Full Answer Section

The lower respiratory tract consists of the trachea, bronchi, bronchioles, alveolar ducts, and alveoli. Structurally, it is dedicated to gas exchange. The trachea and bronchi are cartilaginous tubes that further conduct air into the lungs, branching into smaller bronchioles. The bronchioles eventually lead to the alveoli, tiny air sacs surrounded by a dense network of capillaries. The thin walls of the alveoli and the capillaries facilitate efficient gas exchange.

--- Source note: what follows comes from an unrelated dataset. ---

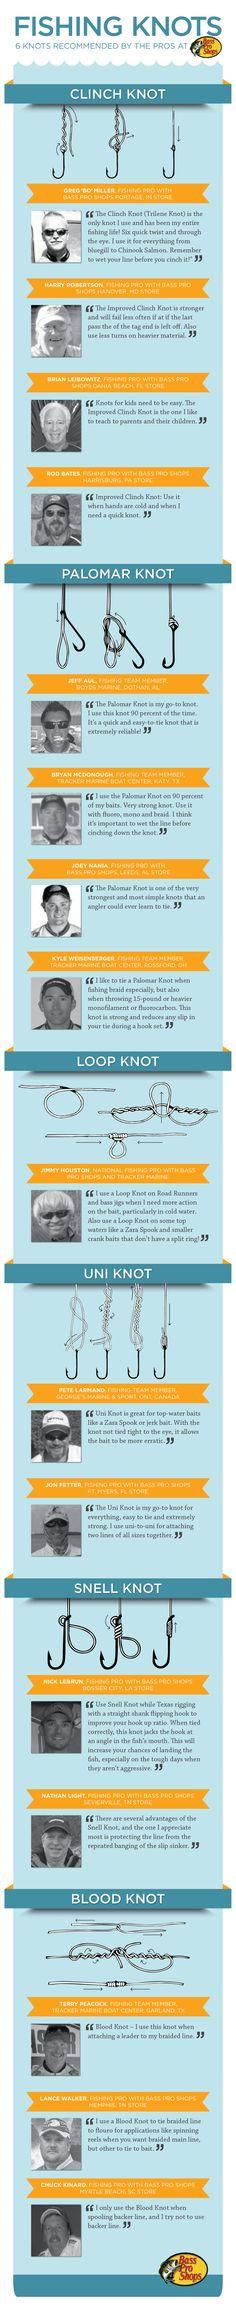 best fishing knots

The sentence, “Both internal and external respiration depends on diffusion,” highlights a fundamental principle of gas exchange. External respiration, the exchange of gases between the lungs and the blood, occurs in the alveoli. Oxygen (O2) inhaled into the alveoli has a higher partial pressure than in the deoxygenated blood within the surrounding capillaries. This pressure gradient drives the oxygen to diffuse across the thin alveolar and capillary walls into the bloodstream, where it binds to hemoglobin in red blood cells. Simultaneously, carbon dioxide (CO2), a waste product of cellular metabolism, has a higher partial pressure in the blood within the capillaries than in the alveoli. Consequently, CO2 diffuses from the blood into the alveoli to be exhaled.

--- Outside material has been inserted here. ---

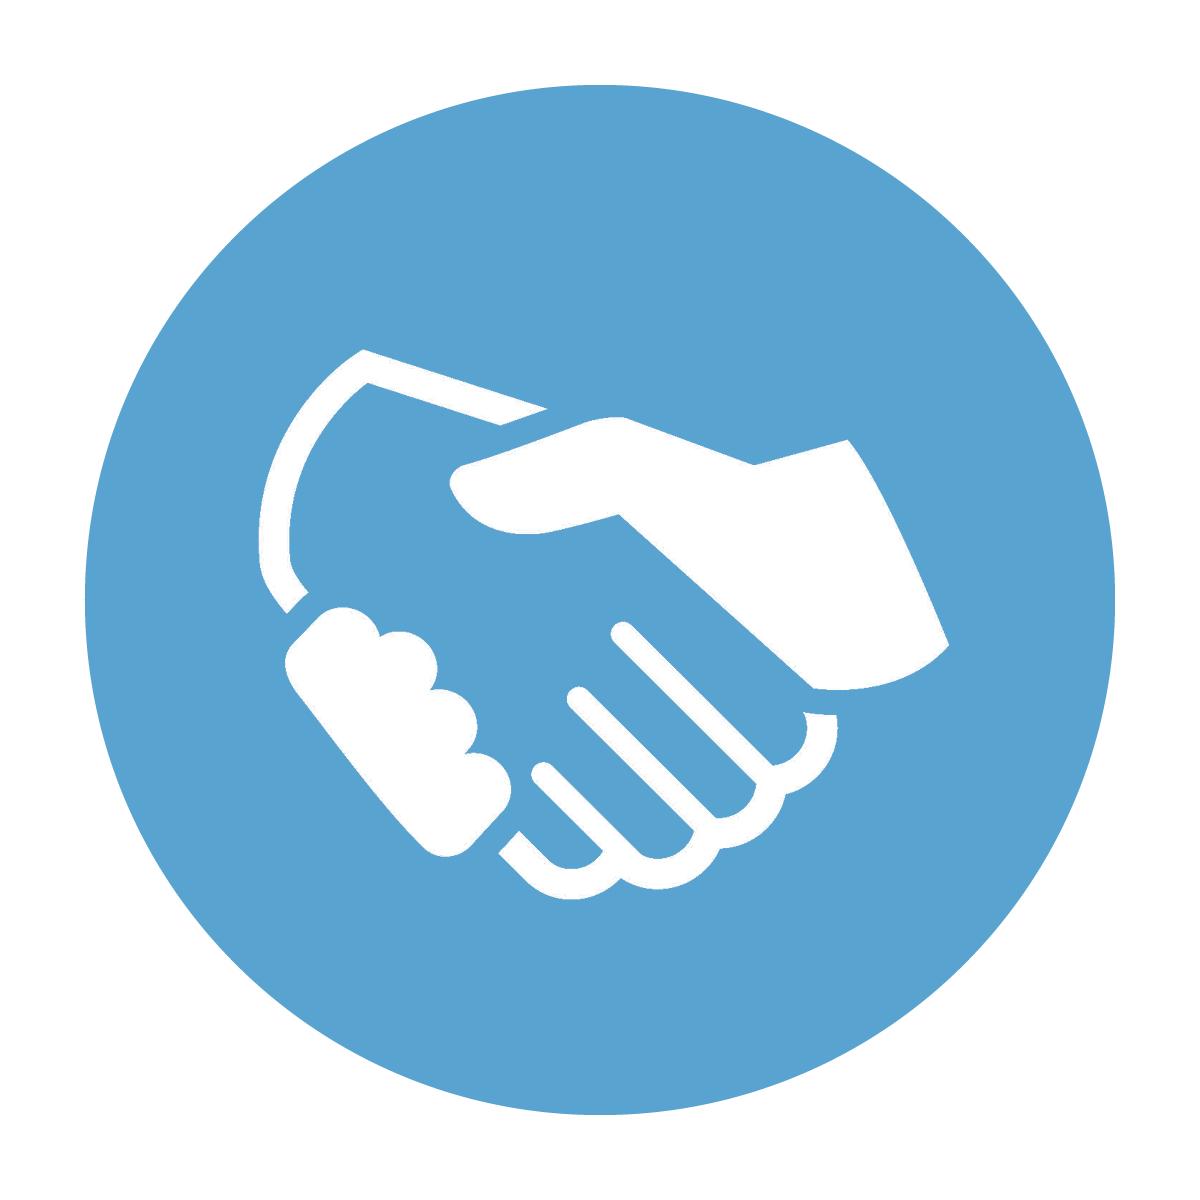 Handshake Icon_light blue.jpg

Internal respiration, the exchange of gases between the blood and the body’s tissues, also relies on diffusion. Oxygenated blood, now rich in oxygen, travels through the capillaries to the tissues where cellular respiration has consumed oxygen, resulting in a lower partial pressure of oxygen in the tissue fluid. This gradient causes oxygen to diffuse out of the capillaries and into the tissue cells. Conversely, the metabolic activity of tissue cells produces CO2, leading to a higher partial pressure of CO2 in the tissue fluid compared to the blood in the capillaries. Therefore, CO2 diffuses from the tissues into the capillaries to be transported back to the lungs for elimination. In both processes, the movement of oxygen and CO2 is passive, driven by the concentration gradients across the thin membranes of the alveoli and tissue capillaries.